Return the complete listing exactly as it reads, with each picture removed.

Data shown: Begin

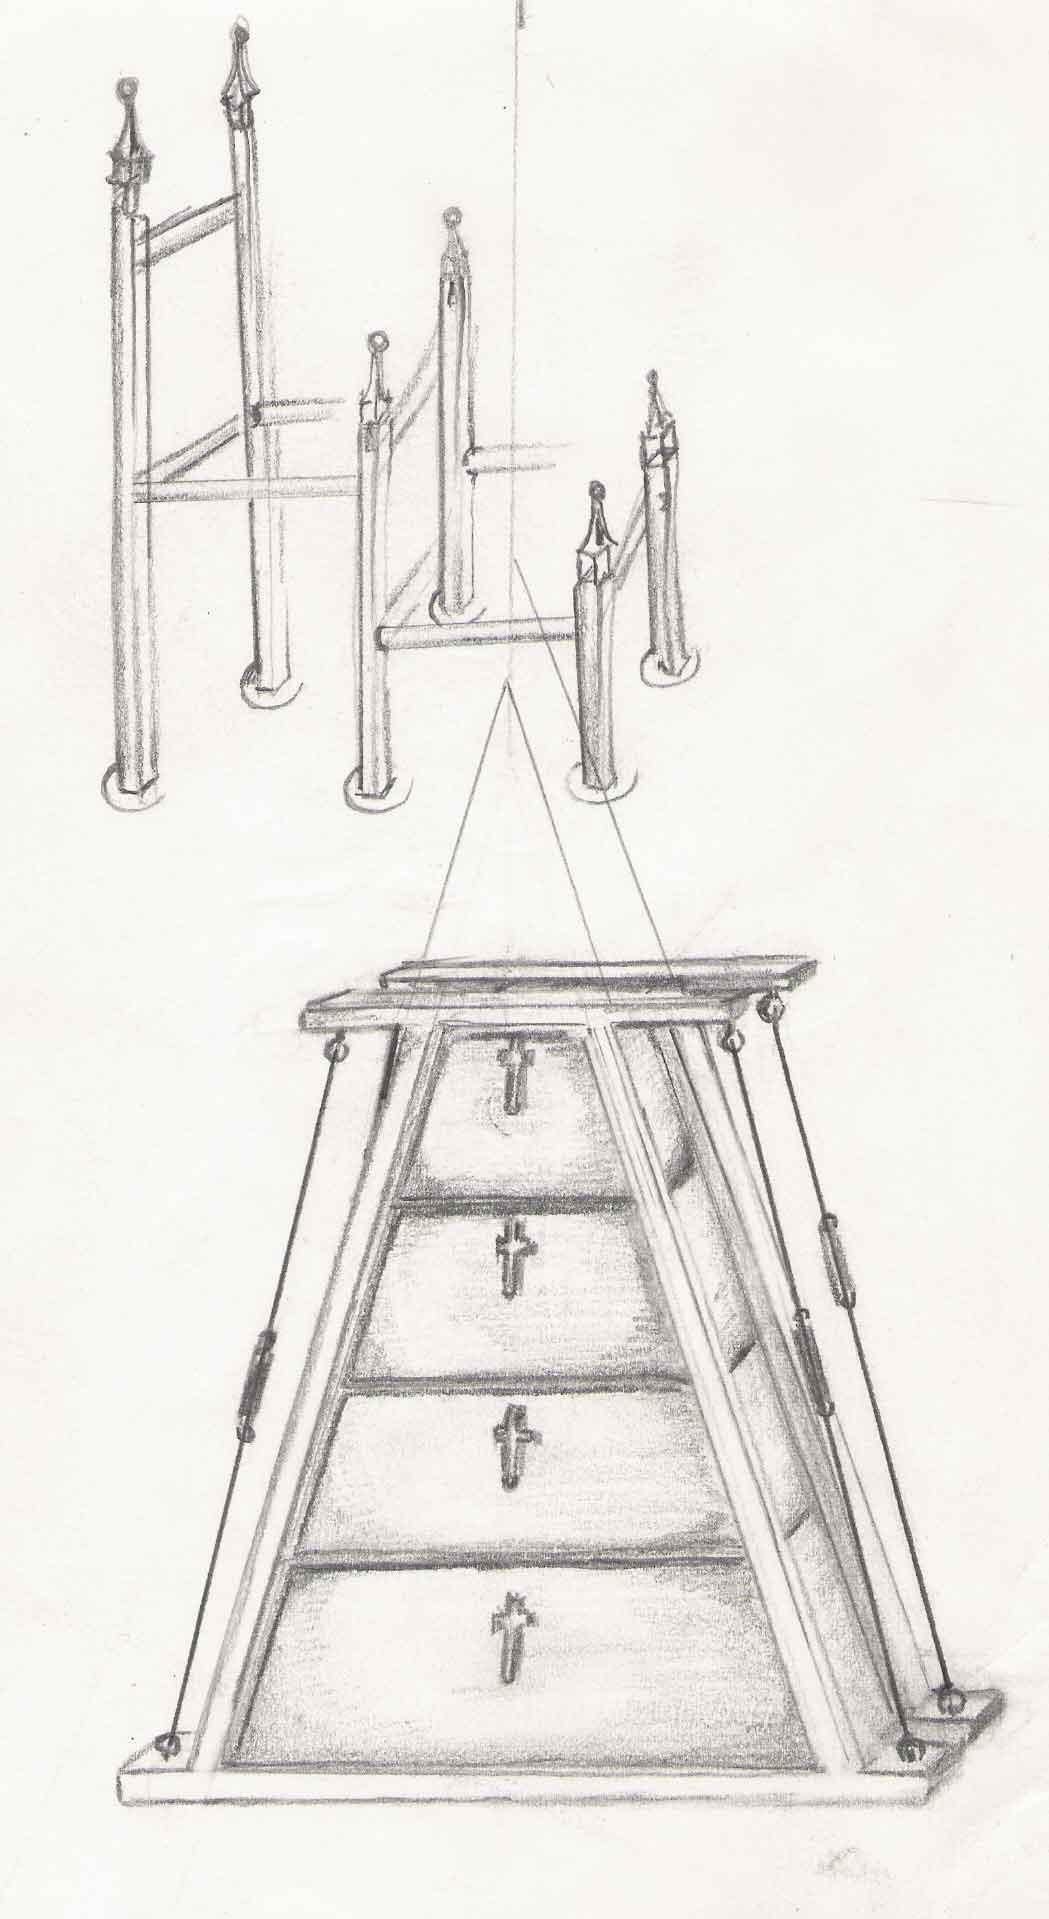 sketch-36-sept-05.jpg
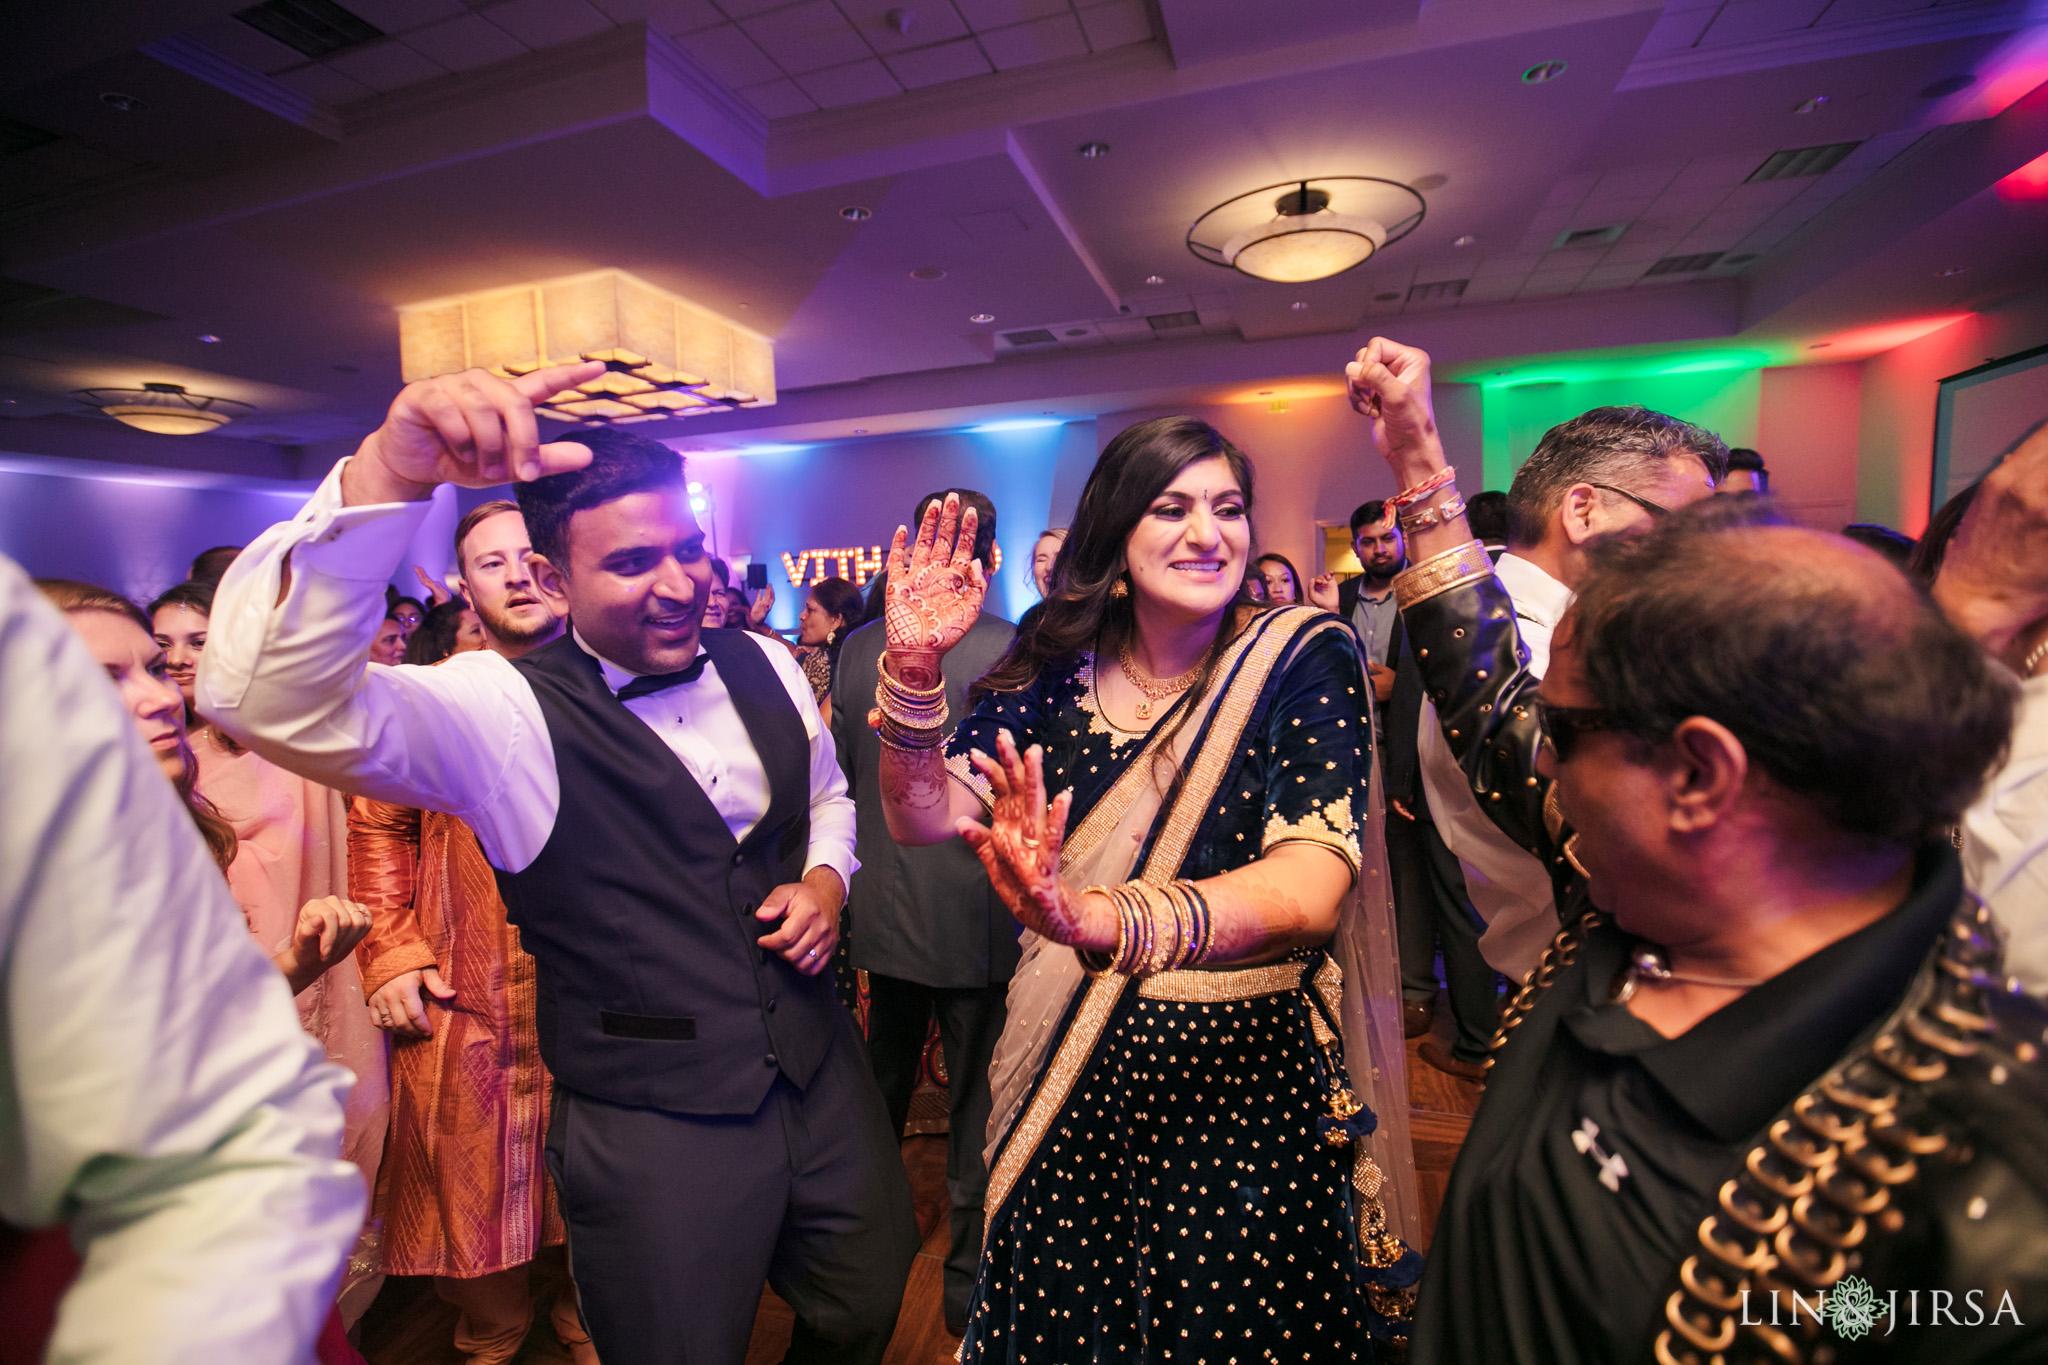 48 sheraton carlsbad resort indian wedding photography
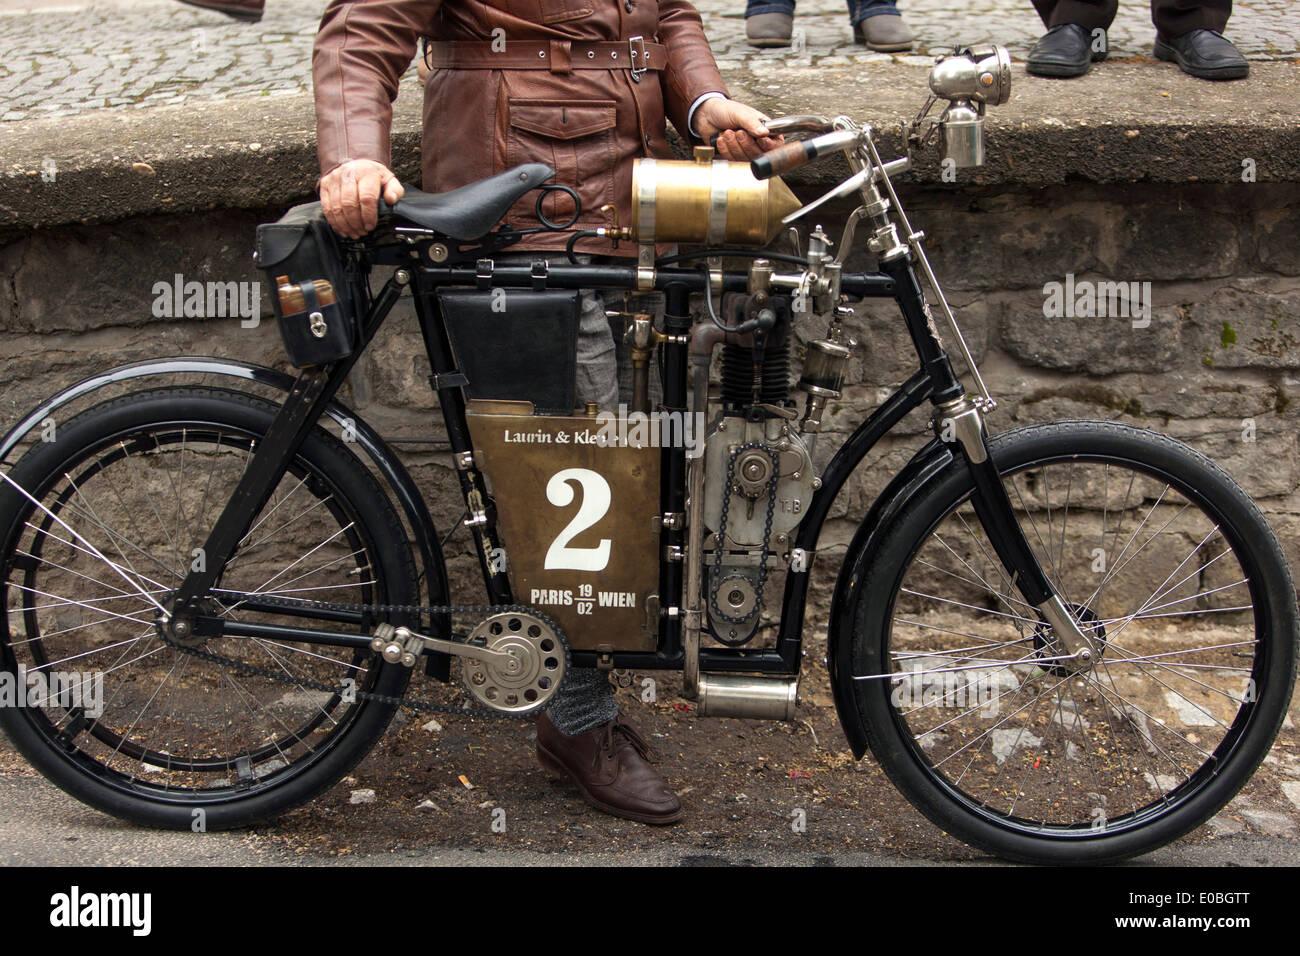 Veleran Oldtimer Vintage Motorcycle Laurin Klement 1902 Austro-Hungarian product - Stock Image

Data shown: End

# Written answer
 sketch-36-sept-05.jpg
 48 sheraton carlsbad resort indian wedding photography
 Veleran Oldtimer Vintage Motorcycle Laurin Klement 1902 Austro-Hungarian product - Stock Image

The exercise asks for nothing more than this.